COMP1927 - Balanced BST's

Binary Search Trees are an incredibly useful structure, but the time complexity of their operations, along with their usefulness, decreases dramatically with the degradation of their balance.

If a tree is balanced, as in, it is the minimal height possible for the number of nodes, then operations happen in O(lg(n)) time. As it degrades to being the maximal height possible operations become O(n).

When nodes are inserted in a random order, they normally end up approximately balanced. But if nodes are inserted in decreasing or increasing order (e.g. 1,2,3,4,5) they end up as a linked list.

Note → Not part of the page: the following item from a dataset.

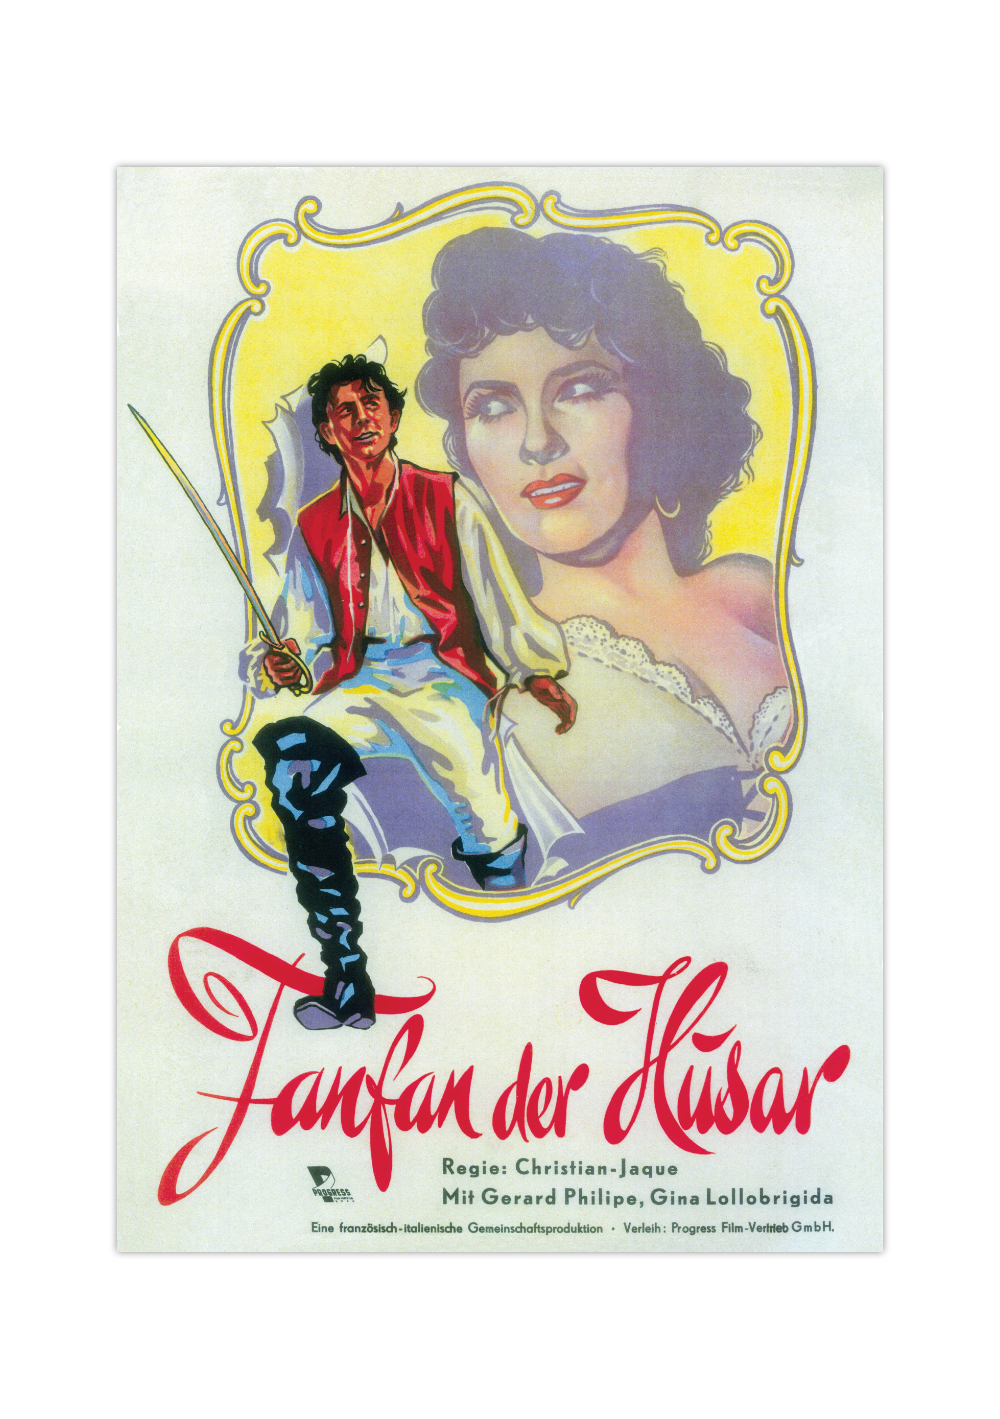 Bei dem Poster handelt es sich um den Nachdruck eines Filmplakates aus DDR zum Film "Fanfan der Husar".

To try and ensure that BSTs stay as balanced as possible there are methods we can take to create self-balancing BSTs.

Tree Rotation

Tree_rotation.png

Tree rotations involve exactly what their name suggests; rotating notes within the tree so as to keep it ordered, but change the location of various nodes.

Left Rotation

Tree rotateLeft (Tree t) {
 
   if ((t != NULL) && (t->right != NULL)) {
 
      // Swap t with the right child
      int temp = t->data;
      t->data = t->right->data;
      t->right->data = temp;
 
      // Swap the left child and the right's right
      Tree tempTree = t->left;
      t->left = t->right->right;
      t->right->right = tempTree;
 
      // Swap the right's two children
      tempTree = t->right->left;
      t->right->left = t->right->right;
      t->right->right = tempTree;
 
      // Swap the left and right child
      tempTree = t->left;
      t->left = t->right;
      t->right = tempTree;         
 
   }
 
   return t;
 
}

Right Rotation

Tree rotateRight (Tree t) {
 
   if ((t != NULL) && (t->left != NULL)) {
 
      // Swap the parent with the left child
      int temp = t->data;
      t->data = t->left->data;
      t->left->data = temp;
 
      // Swap the right child with the left's left
      Tree tempTree = t->right;
      t->right = t->left->left;
      t->left->left = tempTree;
 
      // Swap the left's two children around
      tempTree = t->left->left;
      t->left->left = t->left->right;
      t->left->right = tempTree;
 
      // Swap the left and right child
      tempTree = t->left;
      t->left = t->right;
      t->right = tempTree;        
 
   }
 
   return t;
 
}

Inserting At Root

Rotations can be used to insert a node at the root of the tree (by inserting at leaf and recursively rotating the parents until it is the root).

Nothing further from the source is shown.